4. Circular Local Package Dependencies
Monorepos organize code by splitting features into local packages that depend on each other (e.g., @myorg/ui importing @myorg/theme).
- Failure Mode: If developer updates cause
@myorg/themeto import a component from@myorg/ui, it creates a circular dependency. The graph resolver enters an infinite loop, crashing with a stack overflow or failing to establish a topological build order. - Mitigation: Enforce directional boundary rules. Use ESLint rules (like Nx’s dependency constraints) to prevent packages from importing modules from downstream dependencies.
Frequently Asked Questions
How do I configure Turborepo to cache environment variables used in build scripts?
Declare the environment variables inside the env array of the build task in your turbo.json file. This tells Turborepo to include the values of these variables in the input hash calculation, forcing a rebuild if their values change.
What is the exact difference between topological build ordering and parallel execution?
Topological ordering executes tasks based on their place in the dependency graph, ensuring that dependencies are compiled before the packages that import them. Parallel execution runs tasks concurrently across packages without ordering constraints, which is useful for tasks like linting.
How do I clear the local Turborepo and Nx cache directories?
Delete the cache folders in your workspace. For Turborepo, remove the .turbo/cache directory. For Nx, remove the .nx/cache directory. You can also run the clean command:
# Clear local caches
rm -rf .turbo/cache .nx/cache
Can I restrict packages in my monorepo from importing specific shared libraries?

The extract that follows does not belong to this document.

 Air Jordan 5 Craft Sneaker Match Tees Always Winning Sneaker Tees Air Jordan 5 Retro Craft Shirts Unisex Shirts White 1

Yes. Nx supports tagging packages (e.g., type:app, type:lib) and defining dependency constraints in nx.json. Combined with ESLint, this enforces boundaries that block incorrect imports (such as database modules being imported into frontend UI packages).

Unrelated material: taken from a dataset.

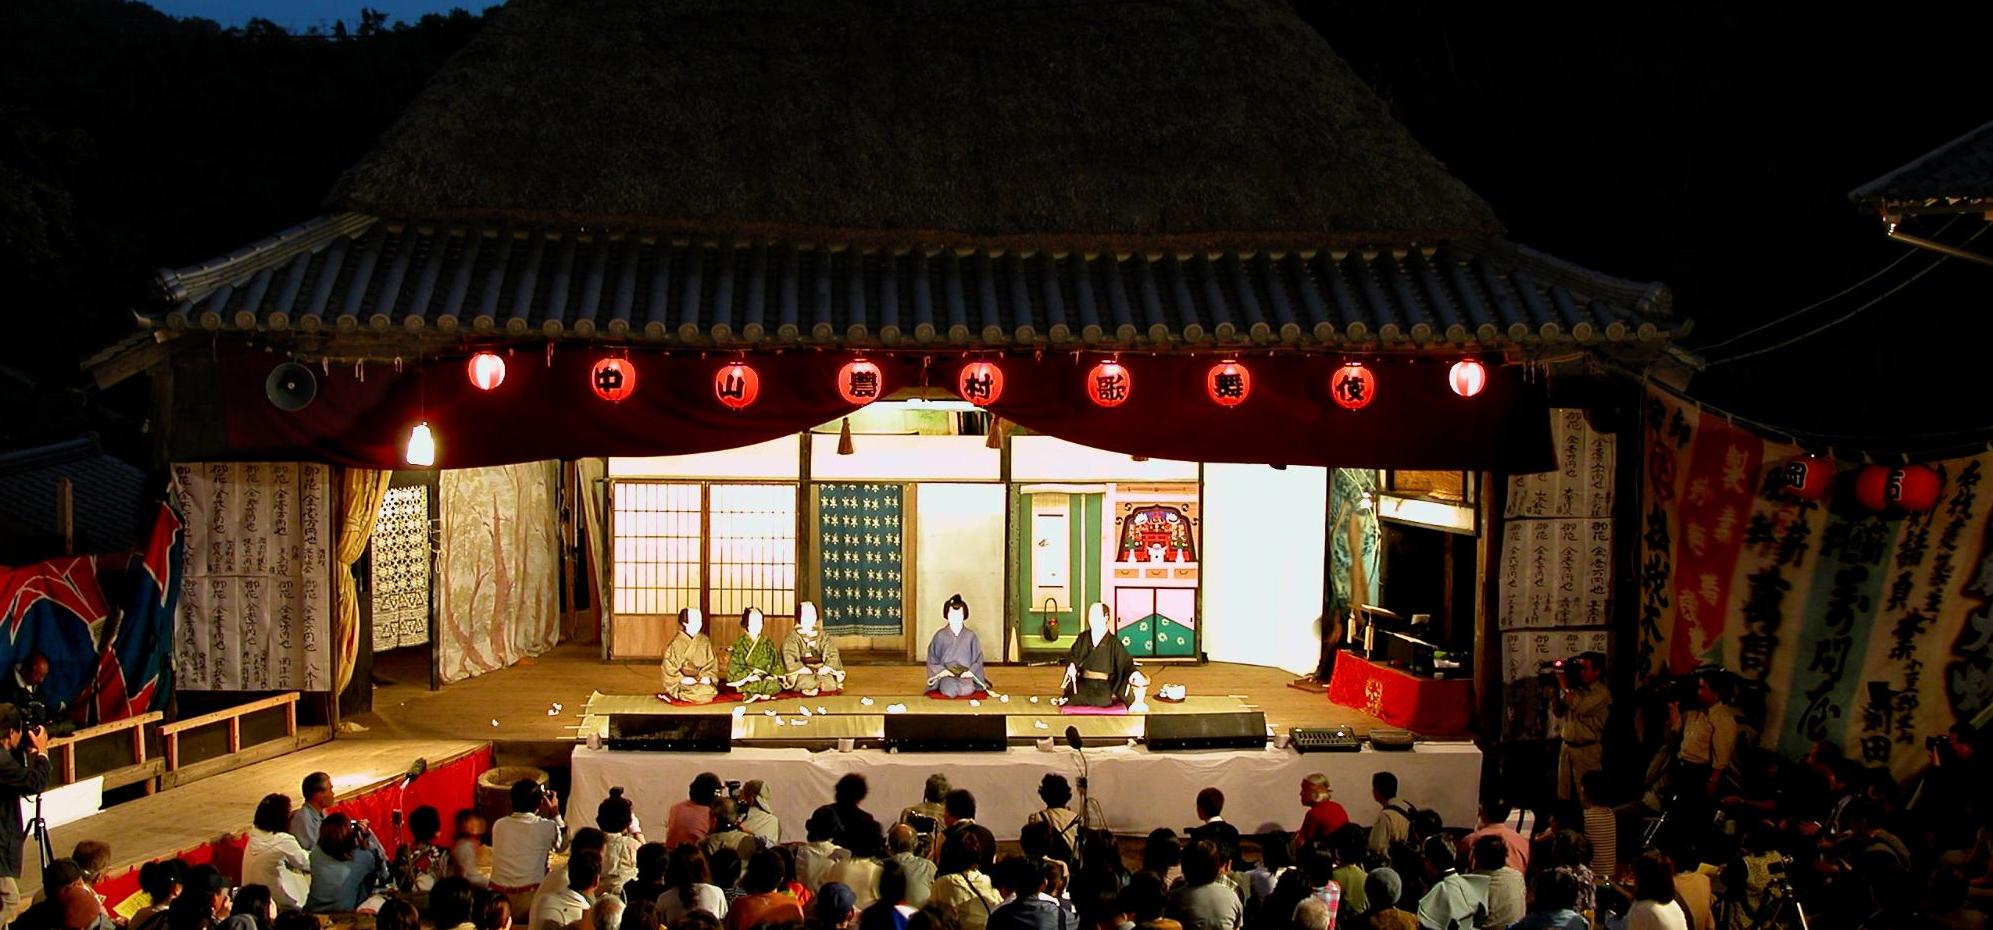 薄暗い夕暮れ時に大勢の観客の前で中山歌舞伎が上演されている

How do I configure a custom remote cache server for Turborepo?
You can set up an open-source server like turborepo-remote-cache and configure the environment variables in your local development terminals or CI runner systems:
export TURBO_API="https://your-remote-cache-url.com"
export TURBO_TOKEN="your-secure-access-token"
Once configured, running turbo build automatically communicates with your custom server instead of Vercel’s endpoints.
What is the difference between independent and fixed version modes in Lerna?
In fixed mode, all packages in the monorepo share a single version number (e.g., 1.2.0). Bumping any package bumps all packages. In independent mode, packages are versioned separately based on their changes, allowing packages to update from 1.0.0 to 1.0.1 while others remain on 2.4.0.
Wrapping Up
For most TypeScript-based projects, Turborepo provides a lightweight task runner that is easy to configure. Nx offers a full-featured workspace framework, making it a good choice for large, multi-language monorepos. Lerna is designed to automate versioning and release workflows for package publishers.